[CHAPTER XXIII.]
VENTILATION BY THE INTRODUCTION OF WARMED AIR.
Ventilation by the Burning of Coal. In winter and at any time of the year when the out-door temperature is below 50° Fahr., the warming and ventilation of a room are necessarily combined. If air is admitted unwarmed it will produce draughts, unless directed upwards by Tobin’s tubes or otherwise. In dwelling-rooms such contrivances may suffice; but in any larger building, in order to ensure sufficient ventilation, it is necessary to warm the incoming air.
The Open Fire-place forms the most common means of ventilation by heat (see also page [159]). The ascent of warm air up the chimney, causes cold air to rush along the floor to the fire-place from all parts of the room, especially the door. Part of the air thus approaching the fire is carried up the chimney with the smoke, while the remainder, after having been warmed, flows upwards towards the ceiling near the chimney-breast. It passes along the ceiling, and cooling in its progress towards the opposite wall, descends, and is again drawn towards the fire-place. Thus there is a continuous circulation of the air in a room.
In the experiments of the Barrack Commissioners (1861), it was found that the amount of air passing up the chimney while a fire was lit, ranged from 5,300 to 16,000 cubic feet per hour, the mean of 25 experiments being 9,904 cubic feet.
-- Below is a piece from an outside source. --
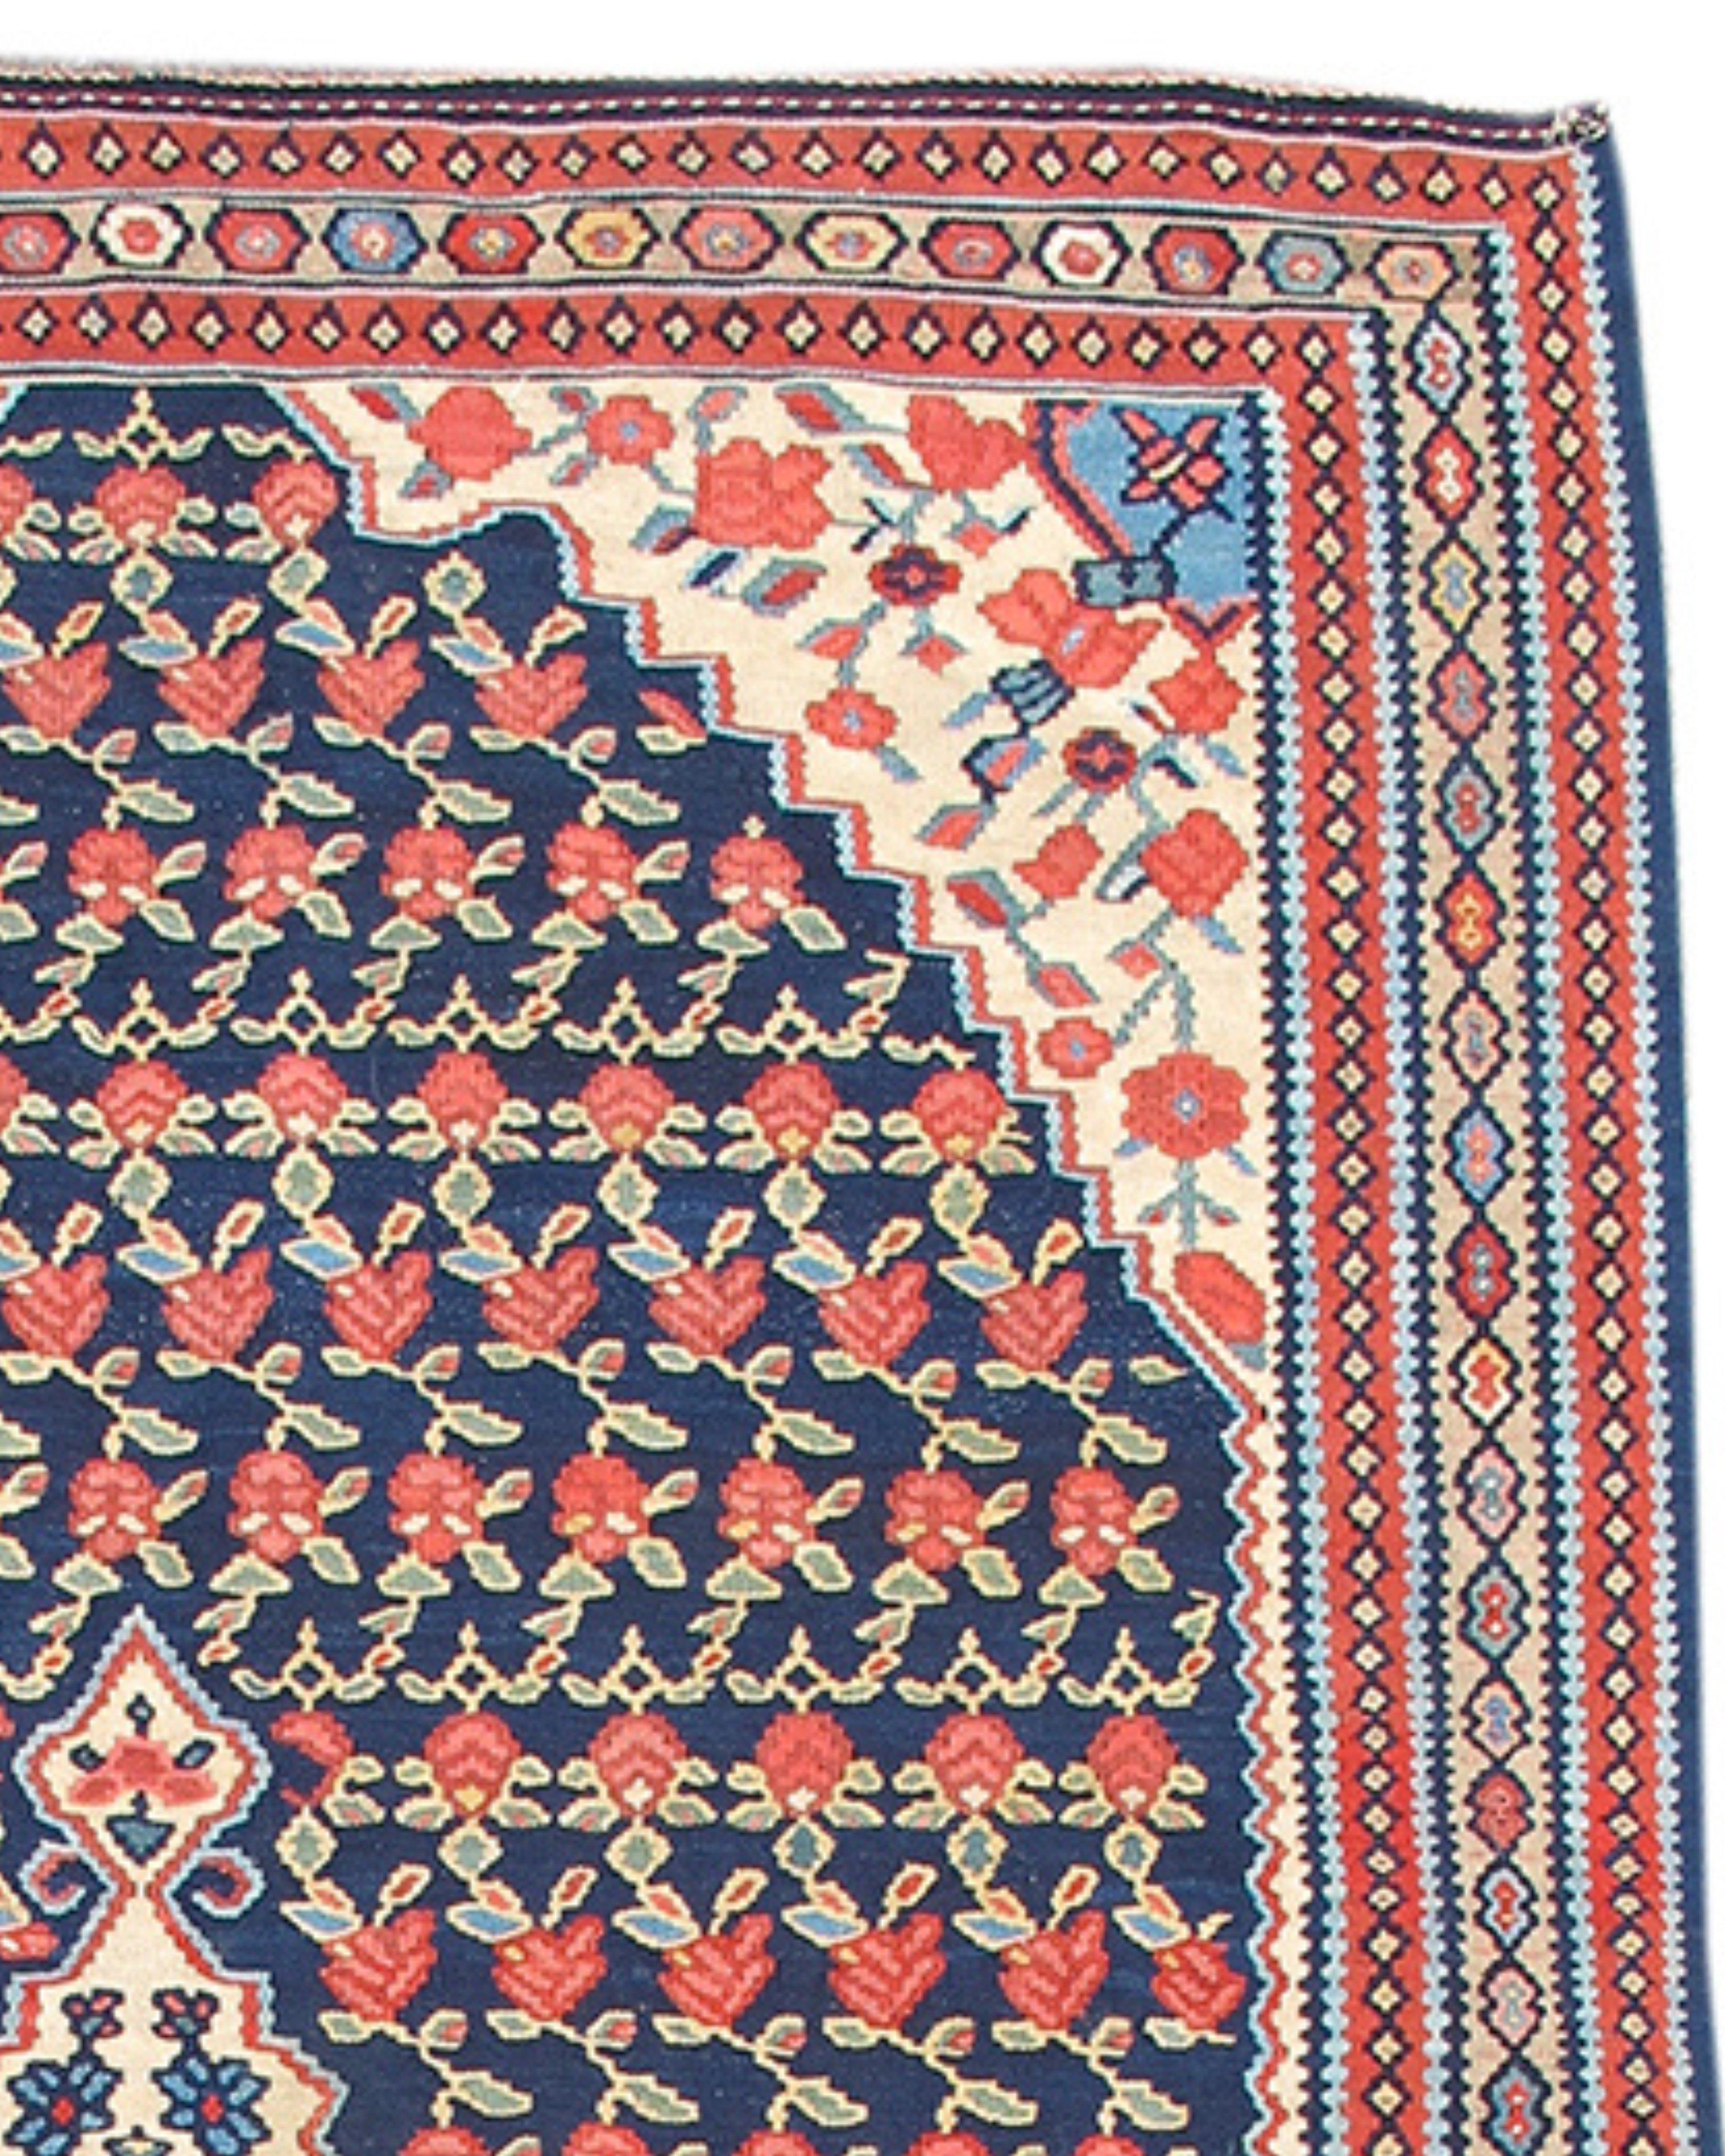 Hand-Knotted Bidjar Kilim Rug, Early 20th Century For Sale

We may conclude, then, that with an ordinary grate, a chimney provides outlet for impure air sufficient for four or five persons. Its lack of economy as a heat-producer will be considered later. Its efficiency as a ventilator within the above limits is evident.
When a fire is burning in the grate, all other openings in the room, except openings into the chimney, serve as inlets. If the room is insufficiently supplied with openings, a double current may be established in the chimney, with the result that occasional down-puffs of smoke occur.
As a rule the chimney serves only as an outlet for impure air. It may by appropriate means be made to serve as an inlet for pure and warmed air, the heat which would otherwise escape up the chimney being utilised for this purpose. Galton’s stove is one of the best for this purpose. At the back of this stove is an air-chamber, communicating with the external air, and in which the fresh air is heated before it enters the room. On the back of the stove broad iron flanges are cast, in order to present as large a heating surface as possible. They project backwards into the air chamber; and their heating surface is aided by the iron smoke-flue, which passes through the air-chamber. The warmed fresh air enters the room by a louvred opening above the mantel-piece, or by an opening in each side of the chimney breast. By this stove one-third of the total heat of the fire is utilised, as against one-eighth in an ordinary fire-place.
Fig. 16.
Vertical Section through Two Rooms, showing—A. Currents of cold air with an ordinary fire; B. Direction of currents of warmed fresh air with a Galton’s Ventilating Stove.
Shorland’s Manchester and other stoves are constructed on the same principle as Galton’s.
The Ventilation of Mines is effected by lighting a fire at the bottom of a shaft. The air for the combustion comes down another shaft (the intake shaft), or down another half of the same shaft separated by a partition. The consequence is that constant up and down currents of air are produced. The air from the intake shaft is made to traverse the galleries of the mines, its course being directed by partitions, before it is allowed to reach the fire and s be carried up out of the mine.